Before Posada could be sentenced he escaped prison, helped by a hefty bribe supplied by supporters in Miami. Posada made his way to Central America, where he joined the Reagan administration's secret campaign to evade contra rebels fighting a leftist government in Nicaragua. Soon he was earning $6,000 - $7,000 a month, paid by White House and former CIA officials seeking to evade a congressional ban on aid to the contras.
After the wars of Central America ended in the early 1990s. Posada settled In El Salvador where, as he later told Ana Louise Bardach of the New York Times in a tape-recorded interview, he planned a series of bombings of Havana hotels designed to discourage tourism to Cuba. His role went undetected and he moved on to other targets.
In 2000 Posada was arrested in Panama for plotting to assassinate Fidel Castro during a visit there by the Cuban president. Posada and two associates were convicted of conspiring to bomb a crowded auditorium where Castro was scheduled to speak. Posada was pardoned by the president of Panama. After being released in 2004, he snuck back into the United States in 2005, seeking political asylum and apparently not fearing criminal charges.

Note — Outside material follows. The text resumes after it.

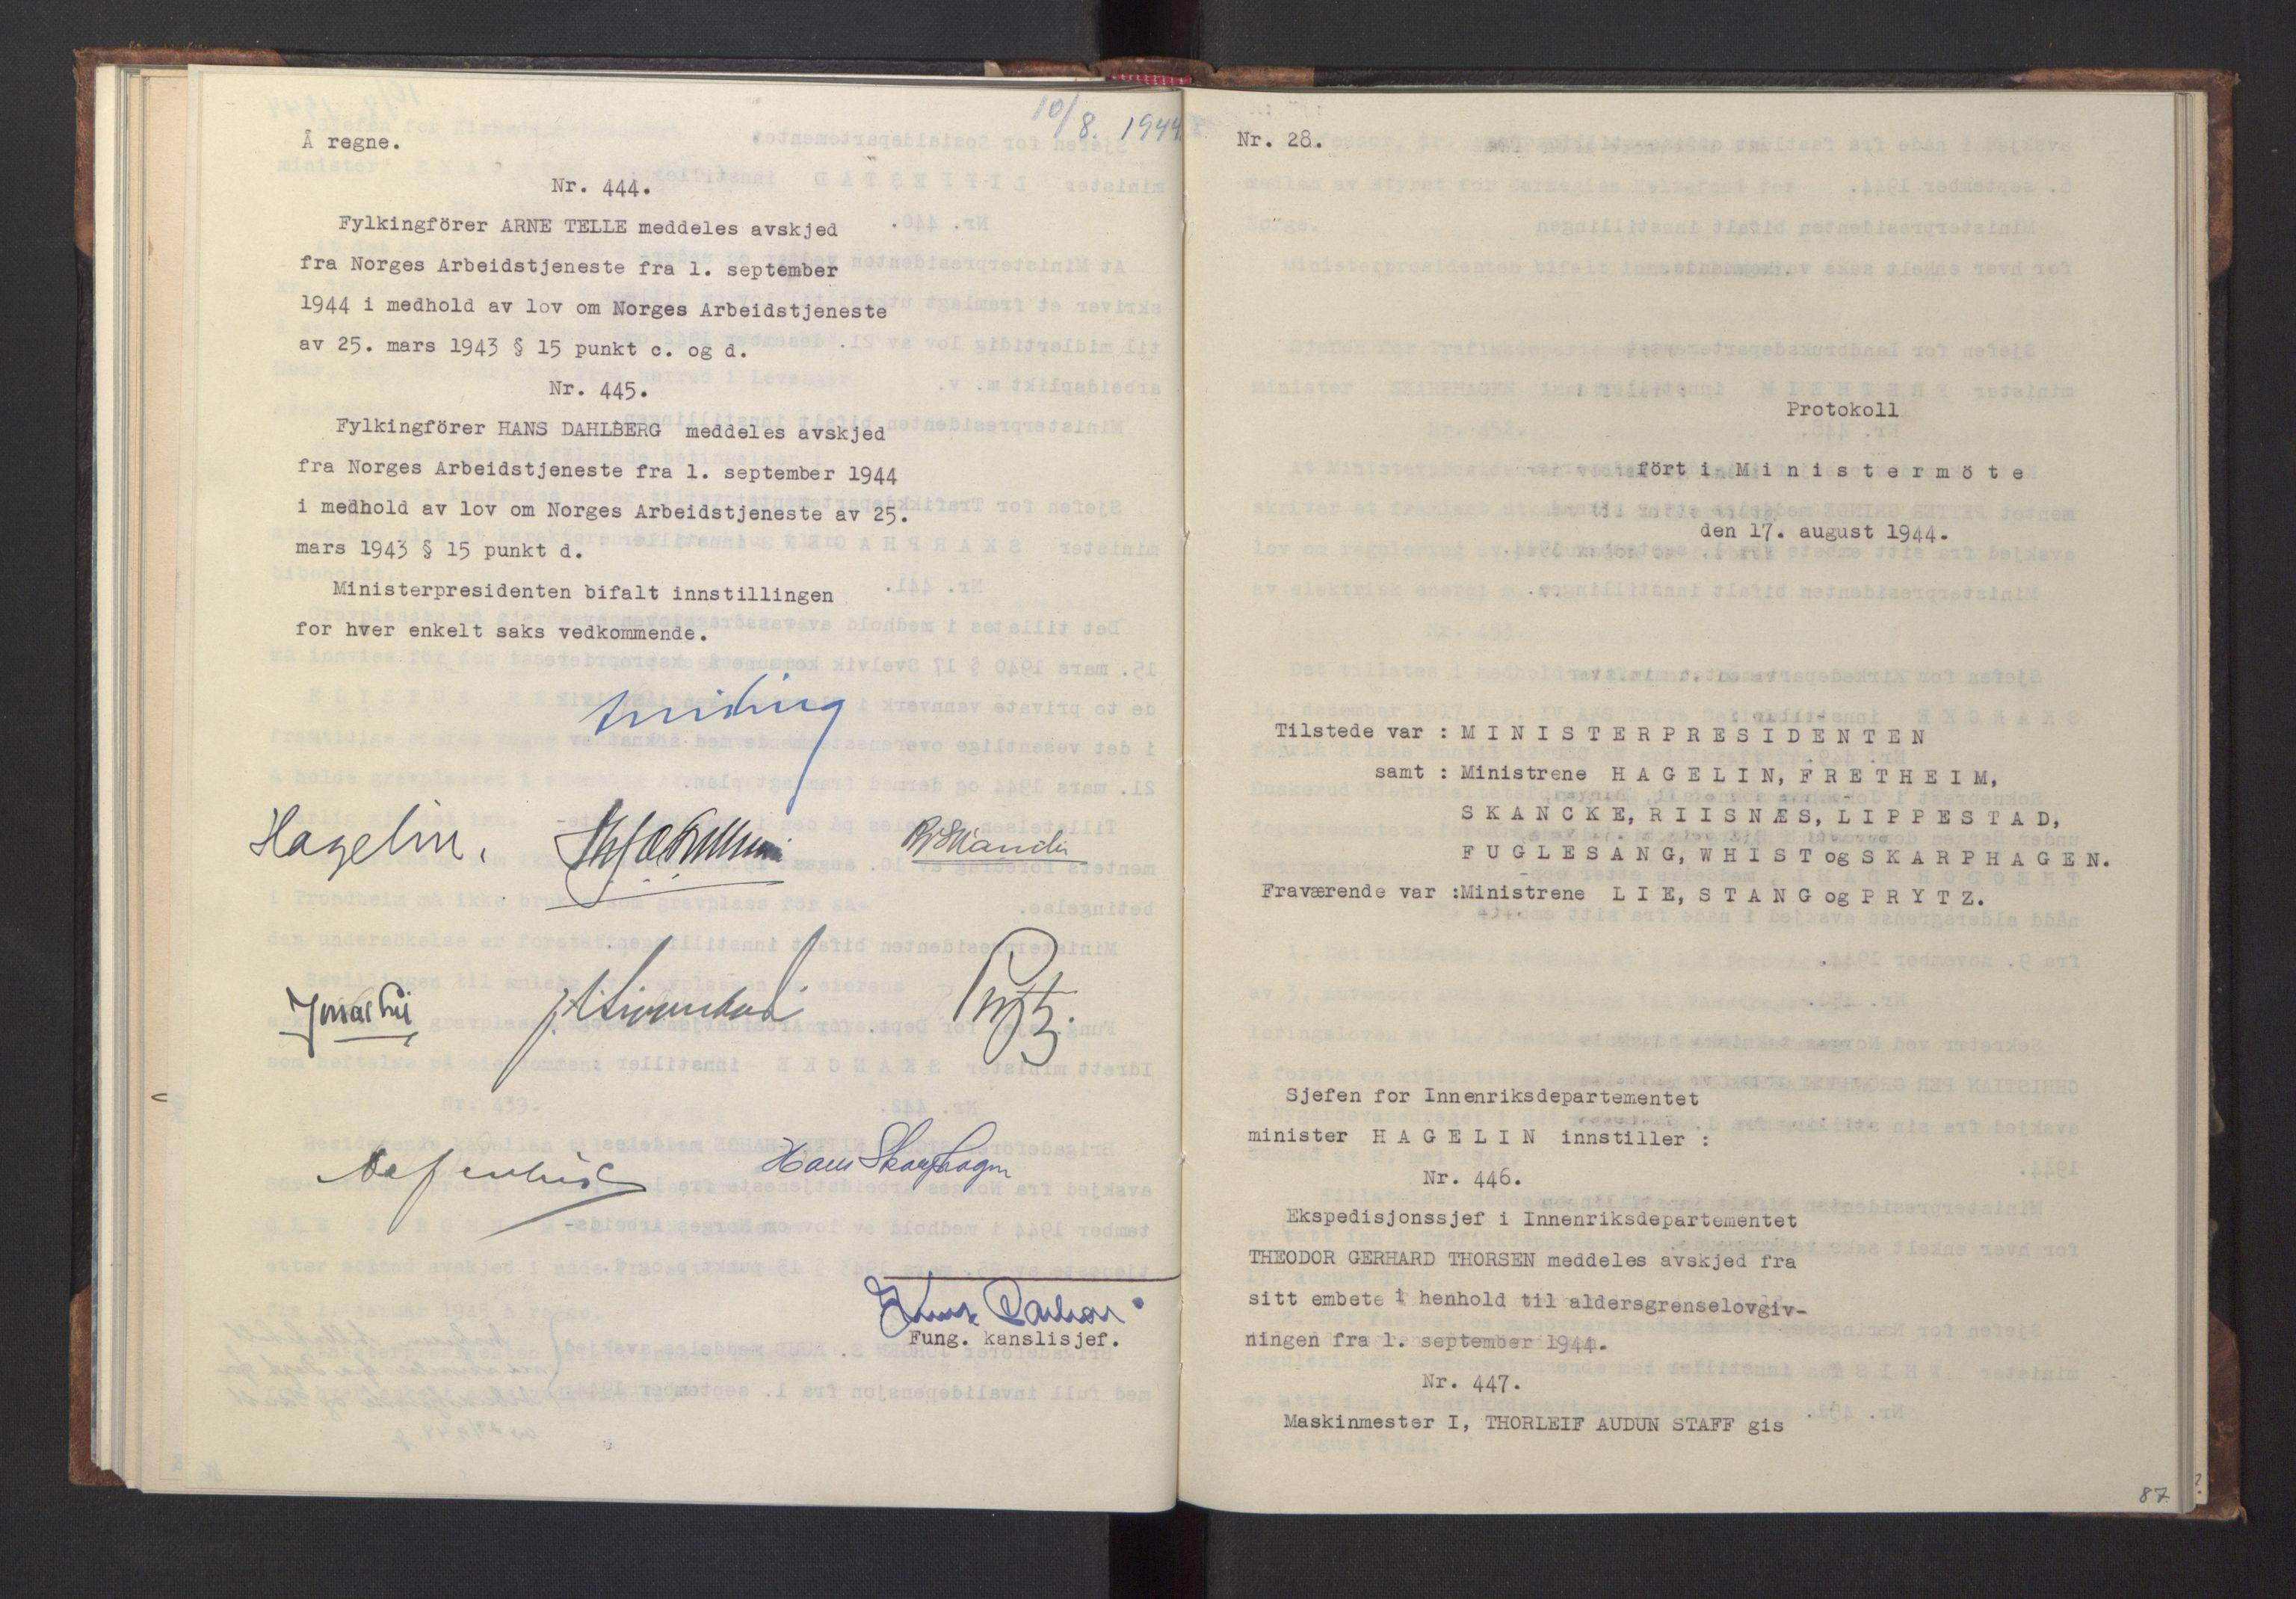 RA, NS-administrasjonen 1940-1945 (Statsrådsekretariatet, de kommisariske statsråder mm), D/Da/L0005: Protokoll fra ministermøter, 1944, s. 86b-87a

The Bush administration initially seemed to ignore his presence in the United States and then charged him with immigration violations. Venezuela's request that he be extradited was rebuffed, and a U.S. court ruled he could not be deported to Venezuela either, saying he might be tortured -- a charge Venezuela's defenders reject. The Obama Justice Department, perhaps seeking to rescue U.S. credibility on terrorism policy, amplified the immigration charges to include perjury and obstruction of counts related to the hotel bombing. The jury didn't buy it.
"We created a Frankenstein," said Peter Kornbluh of the National Security Archive during the trial. But as a creature of U.S. policy, Posada benefited from official secrecy and circuitous charges. The jury didn't see Posada as monster. If they agreed with the defendant's case, they saw him as an American sympathizer who deserved his freedom.
*The story originally stated that Posada himself "all but admitted" his involvement and said that he was held for eight years in Venezuela without being charged. The story also originally listed Posada as being arrested in 2004. We regret the errors.